Bis zu 67 Feuerwehrkräfte waren im Einsatz

Starke Rauchentwicklung machte Mitarbeitende des Kraftfutter-Herstellers auf das Feuer aufmerksam. In den Anlagen, in denen Sojabohnen verarbeitet werden, sitzen Sensoren und messen die Temperatur. Übersteigt diese einen kritischen Schwellenwert, schlagen die Sensoren Alarm. So geschehen am Donnerstagmorgen gegen 1.20 Uhr. Mitarbeitende sahen daraufhin nach dem Rechten und bemerkten dichten Qualm, der durch das turmhohe Silo zog und übers Dach ins Freie trat.

Daraufhin wurde die Freiwillige Feuerwehr Kehl alarmiert. Die Produktionsmaschinen wurden angehalten, sodass Löschkräfte unter schwerem Atemschutz den Brandherd in Augenschein nehmen konnten und die Brandbekämpfung aufnahmen. Vier sogenannte Trupps mit je acht Einsatzkräften waren auf vier Stockwerken im Einsatz und hielten den Brand mit Strahlrohren in Schach. Dadurch konnte verhindert werden, dass sich das Feuer auf weitere Etagen ausbreitete.

„Nach knapp einer Stunde hatten wir die Situation komplett im Griff“, berichtete Feuerwehrkommandant Viktor Liehr. Vollständig gelöscht war der Brand damit jedoch noch nicht: weil es sich bei der Trocknungsanlage um ein geschlossenes System handelt, waren die Flammen nicht an allen Stellen zugänglich. Gemeinsam mit Werksangehörigen des Raiffeisen-Kraftfutterwerks wurde das Silo entleert. Die glimmenden und glühenden Sojabohnen rieselten aus der Anlage heraus, wobei immer wieder Glutnester zum Vorschein kamen, die dann von der Feuerwehr abgelöscht werden konnten.

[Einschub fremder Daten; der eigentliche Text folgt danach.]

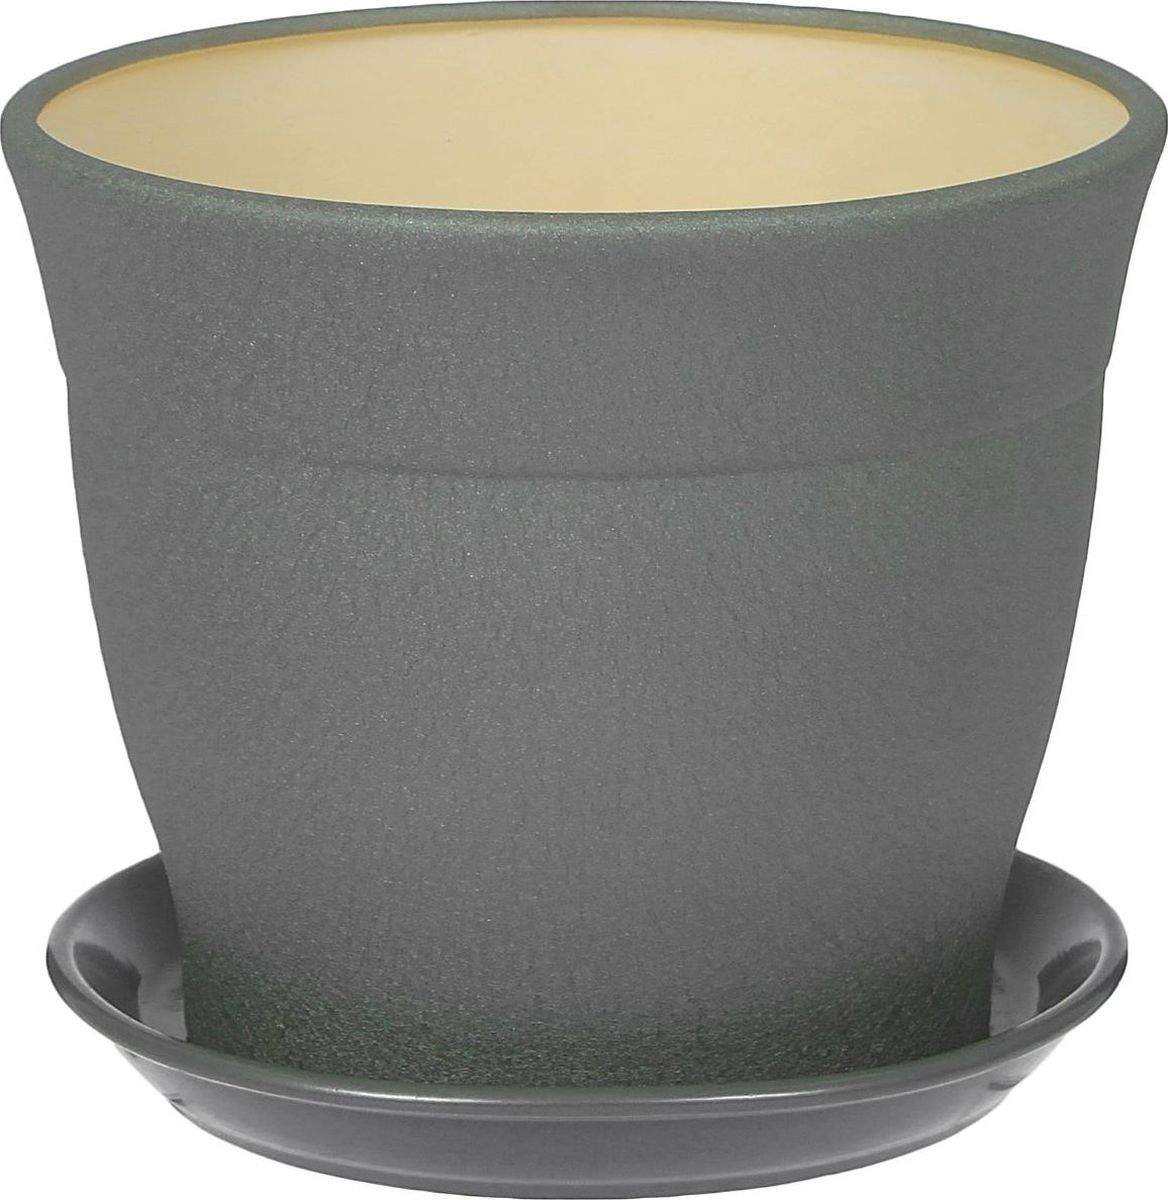 Кашпо Керамика ручной работы Флорис, цвет: серебристый, 5,5 л1309282Комнатные растения — всеобщие любимцы. Они радуют глаз, насыщают помещение кислородом и украшают пространство. Каждому из них необходим свой удобный и красивый дом. Кашпо из керамики прекрасно подходят для высадки растений: за счёт пластичности глины и разных способов обработки существует великое множество форм и дизайновпористый материал позволяет испаряться лишней влагевоздух, необходимый для дыхания корней, проникает сквозь керамические стенки! #name# позаботится о зелёном питомце, освежит интерьер и подчеркнёт его стиль.

„Das Ablassen ist sehr zeitaufwändig“, erklärte Viktor Liehr. Allerdings könne nur so jedes Glutnest ausfindig gemacht werden. Gegen 9 Uhr war der Einsatz beendet und die Löschkräfte konnten wieder abrücken. Aufgrund der sehr dynamischen und unübersichtlichen Lage zu Beginn des Einsatzes wurden zur Unterstützung die Abteilungen Auenheim, Leutesheim, Bodersweier-Zierolshofen und Kork nachalarmiert. Hinzu kamen die Feuerwehren aus Oberkirch mit ihrer Drehleiter und aus Willstätt zur gemeinsamen Führungsunterstützung. Zu Spitzenzeiten waren 67 Einsatzkräfte und 20 Fahrzeuge im Einsatz. Außerdem waren der Rettungsdienst, später der DRK-Kreisverband sowie die Polizei und die Hafenverwaltung vor Ort.

„Wir haben zusätzlich ein neues Konzept erprobt“, berichtete Feuerwehrkommandant Viktor Liehr. An der Einsatzstelle wurde ein sogenannter Ersatzkleidungspool eingerichtet. Dieser habe den Vorteil, dass die Feuerwehrmänner und -frauen sofort wieder einsatzbereit seien und nicht warten müssten, bis ihre Schutzkleidung aus der feuerwehreigenen Reinigung kommen. Ein weiterer positiver Nebeneffekt: „Wir lassen den Schmutz an der Einsatzstelle und tragen ihn nicht in die Wache“, erläutert Viktor Liehr.